And then we were talking before about the change in immigration policy as well. As we've talked to Eric, really, the boost that immigration gives the economy, if you take that out, Canada's growth performance has been abysmal, really, relative to the US, at least. And if you change policy and you cut back on your target for immigration, that has an impact, too. You mentioned the mortgage rates — and again, I'm with the realtors this morning, and they're concerned about affordability — and for affordability to improve, you don't just need the lower rates, you need the growth so that you can get income growth as well so people can afford more. And then you've got that next headwind, if we talk about real estate, of all those low interest mortgages that have started to come due and really peak through 2025 and into 2026, coming off 1.5 to 2% interest rates and maturing to, hopefully, 2.5 or 3%. But if you re-accelerate, maybe it's not that and that becomes another drag for Canada.

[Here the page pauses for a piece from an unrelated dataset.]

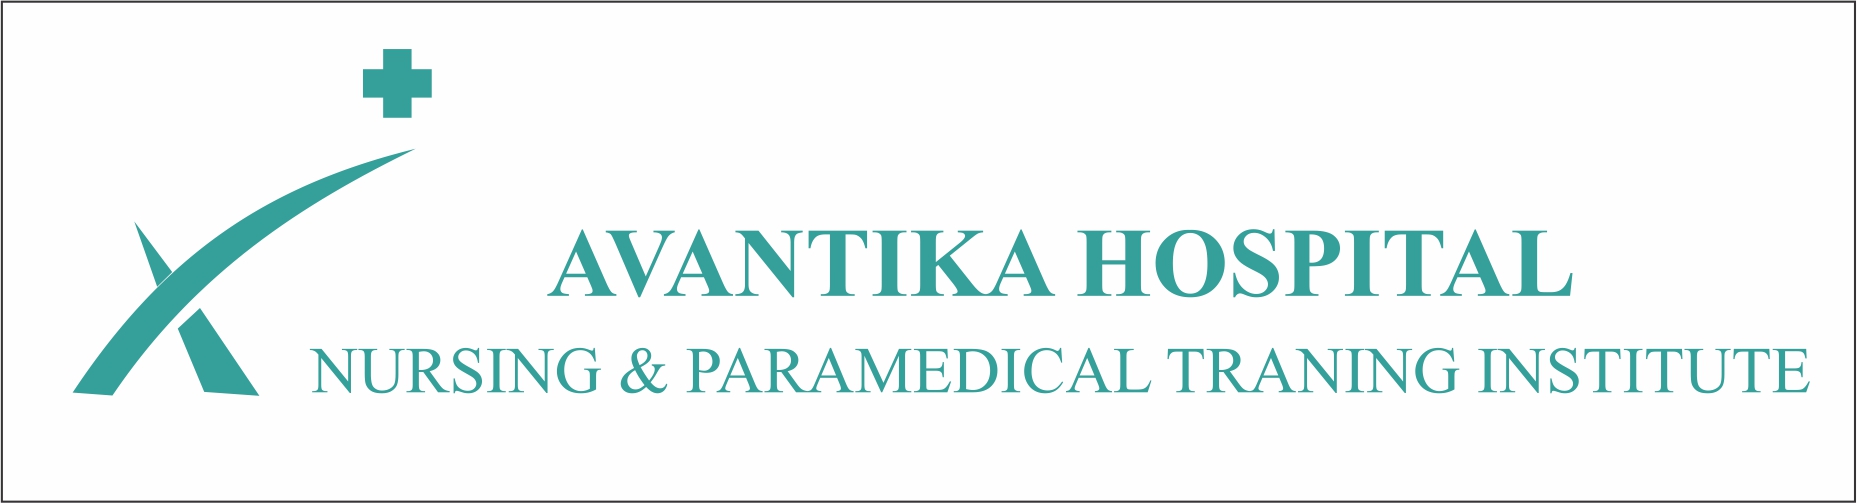 Avantika Multispeciality Hospital|Hospitals|Medical Services

I think that's all valid. There are ingredients for recovery in Canada. And investment would be great to see it stimulated. And productivity has been a challenge. There's lots of things that can improve. But in the very near term, people are having a little bit more trouble seeing it versus in the United States. Whether or not it's artificial intelligence or data center growth, we need more utilities, we need more this, we need to focus on this, we're going to change our power supply, we're going to restart nuclear, etc. There's just a long list of things going on from a country standpoint. And that was definitely a big difference. This is one thing that struck me around the AI, the discussion from a technology standpoint around the productivity and enhancements that came from the Internet. And most of technology has been very focused on the consumer in the last decade. Your handheld device, your entertainment, your this and that, and the other thing. And the next leg of technology improvement is likely to be another productivity enabler. Of course, our phones have made us more productive, but they haven't necessarily found their way through to profits and things like this. Versus the next leg of AI. There was this thematic discussion around switching focus from the AI enablers to the AI adopters. There's been a lot of discussion around call centers and these types of things where there's room for a productivity improvement using artificial intelligence. Even things like documents. If you have a function where you need to verify that one document says the same thing as the other, that can be done by AI. Productivity, searching, all sorts of things. So the companies that have been the leaders have been the hyperscalers — the people allowing this, enabling it — but the movement now might be towards the ones that are going to reap some of the productivity benefits. The analogy was back to the Internet. Big companies were not the first beneficiaries, but once they got their sales function, they got everything oriented around the Internet, it really set off a boost to productivity.
So that's one area that came up thematically. Any other big themes that the group was talking about when you were down in New York last week?
The subtle switch from enablers to adopters on AI. We've talked about some of it, but there was a lot of discussion around the financial markets. And a couple of things there was the Fed has been doing some quantitative tightening that has maybe held back some deposit growth inside of the banking system that might mature into next year, which would allow for deposit growth, which is good for the banking system. And as we just talked about before, a lot of focus on some of the embedded capital markets activity that is a little bit pent up in markets as well. Financial stocks have been quite strong, so that's not entirely news to them, but just to hear some of the illustration as to what still might be to come.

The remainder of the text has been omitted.